## DATA EXTRACT
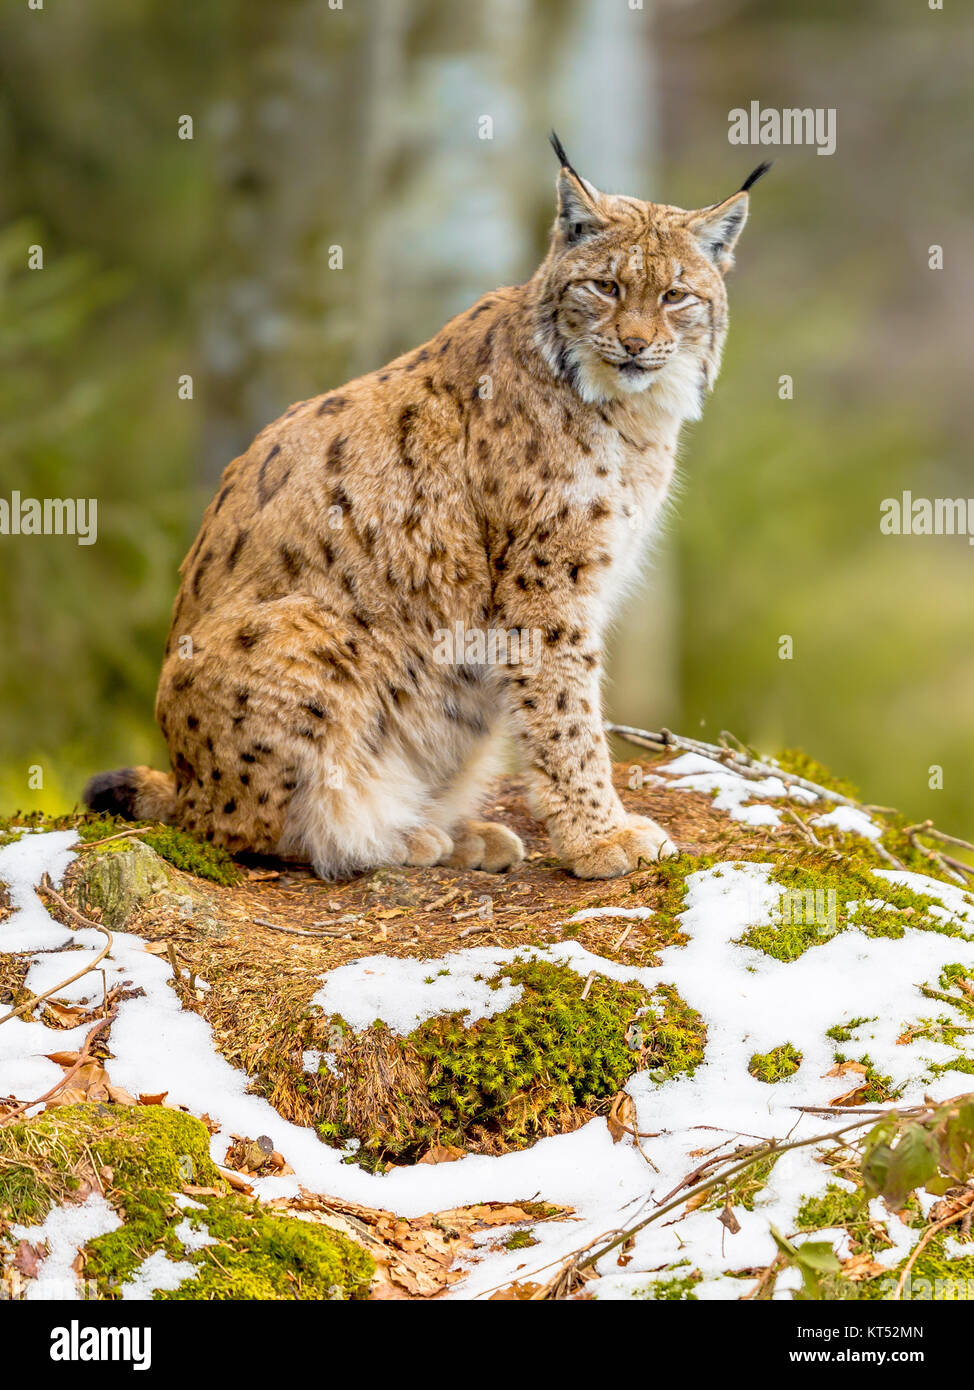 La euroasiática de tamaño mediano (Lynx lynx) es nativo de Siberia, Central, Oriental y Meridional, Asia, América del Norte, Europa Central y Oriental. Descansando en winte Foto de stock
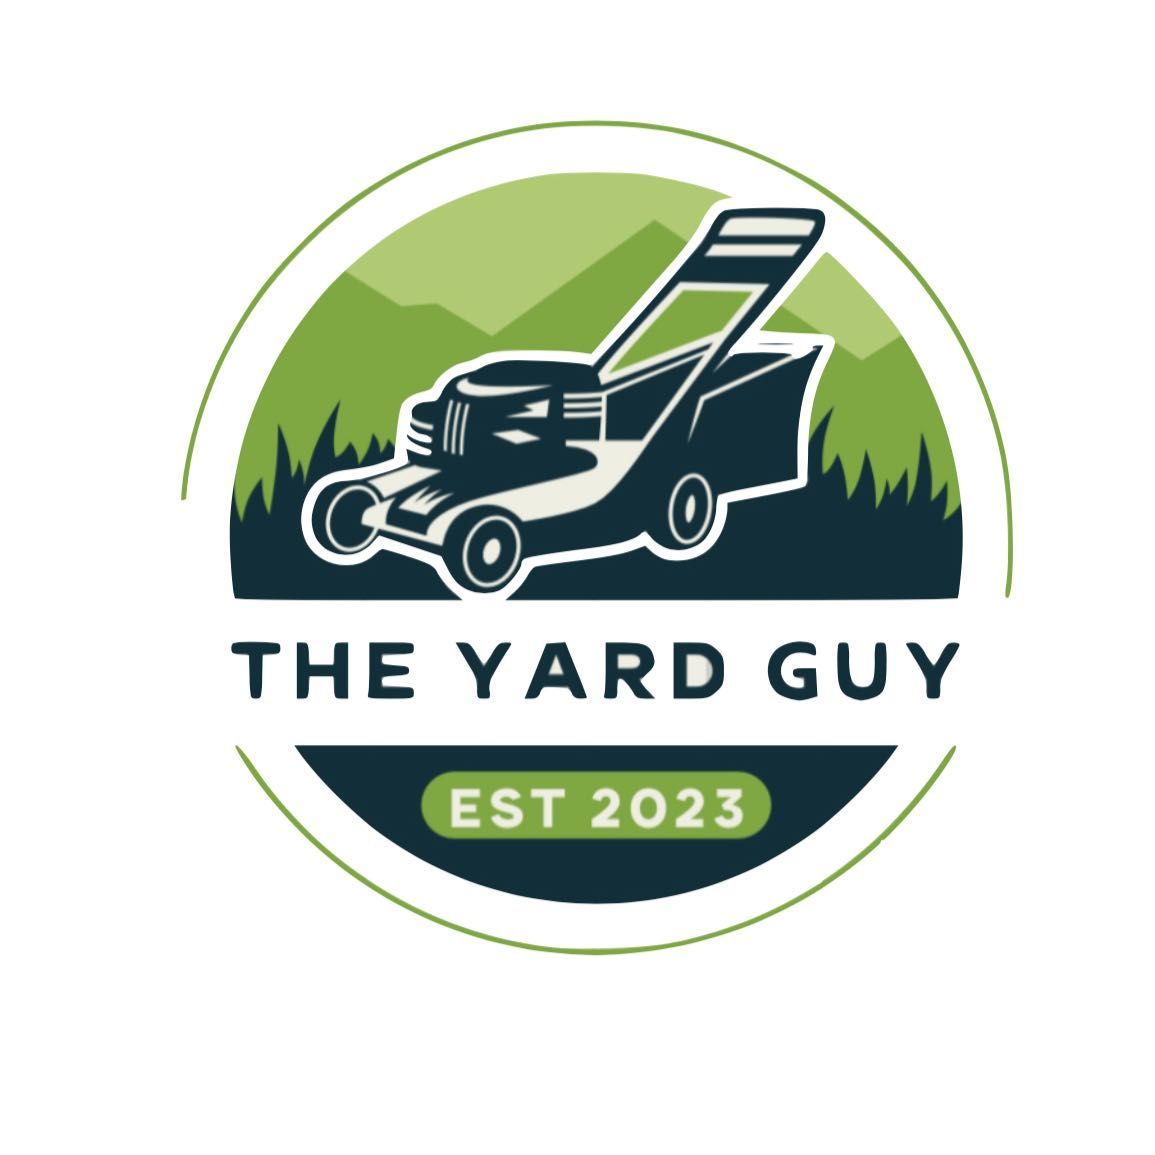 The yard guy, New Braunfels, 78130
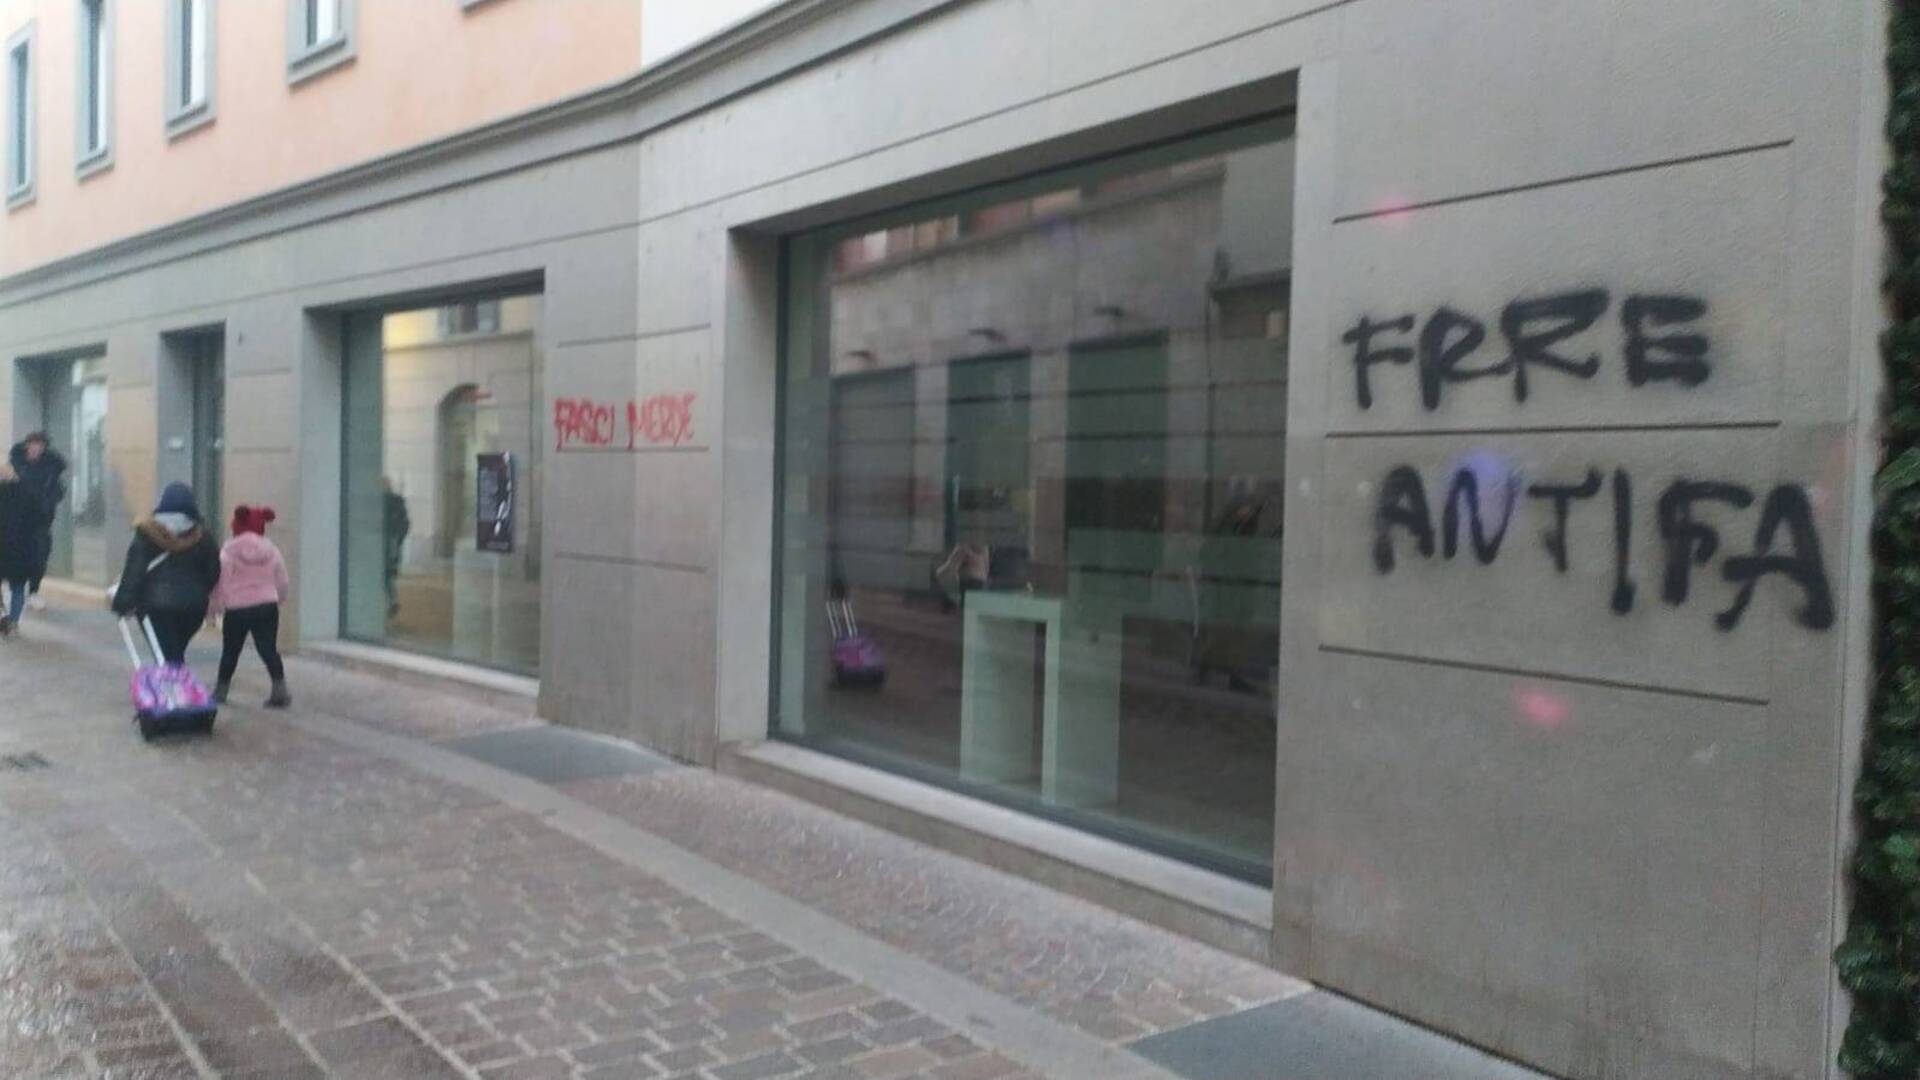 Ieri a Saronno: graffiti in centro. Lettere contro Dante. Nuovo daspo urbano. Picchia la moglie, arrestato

## TASK PROMPT
Return the whole listing, word for word, and leave out every picture.

## EXPECTED OUTPUT
 La euroasiática de tamaño mediano (Lynx lynx) es nativo de Siberia, Central, Oriental y Meridional, Asia, América del Norte, Europa Central y Oriental. Descansando en winte Foto de stock
 The yard guy, New Braunfels, 78130
 Ieri a Saronno: graffiti in centro. Lettere contro Dante. Nuovo daspo urbano. Picchia la moglie, arrestato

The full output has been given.